■ Task directions ■
Below are the records. Restate word for word every line from the one that contains "Editable Smore Love" through the final line, both included.

■ The records ■
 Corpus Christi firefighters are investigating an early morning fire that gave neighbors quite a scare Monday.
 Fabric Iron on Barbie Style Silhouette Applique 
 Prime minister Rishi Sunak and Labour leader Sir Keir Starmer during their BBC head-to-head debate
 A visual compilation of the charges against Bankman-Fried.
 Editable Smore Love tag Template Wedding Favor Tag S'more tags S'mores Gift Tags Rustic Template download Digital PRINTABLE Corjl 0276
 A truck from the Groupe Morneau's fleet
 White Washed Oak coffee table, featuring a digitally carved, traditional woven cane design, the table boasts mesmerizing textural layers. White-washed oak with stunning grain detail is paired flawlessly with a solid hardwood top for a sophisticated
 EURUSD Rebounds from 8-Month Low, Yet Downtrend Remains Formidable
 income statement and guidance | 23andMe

■ Answer to this task ■
 Editable Smore Love tag Template Wedding Favor Tag S'more tags S'mores Gift Tags Rustic Template download Digital PRINTABLE Corjl 0276
 A truck from the Groupe Morneau's fleet
 White Washed Oak coffee table, featuring a digitally carved, traditional woven cane design, the table boasts mesmerizing textural layers. White-washed oak with stunning grain detail is paired flawlessly with a solid hardwood top for a sophisticated
 EURUSD Rebounds from 8-Month Low, Yet Downtrend Remains Formidable
 income statement and guidance | 23andMe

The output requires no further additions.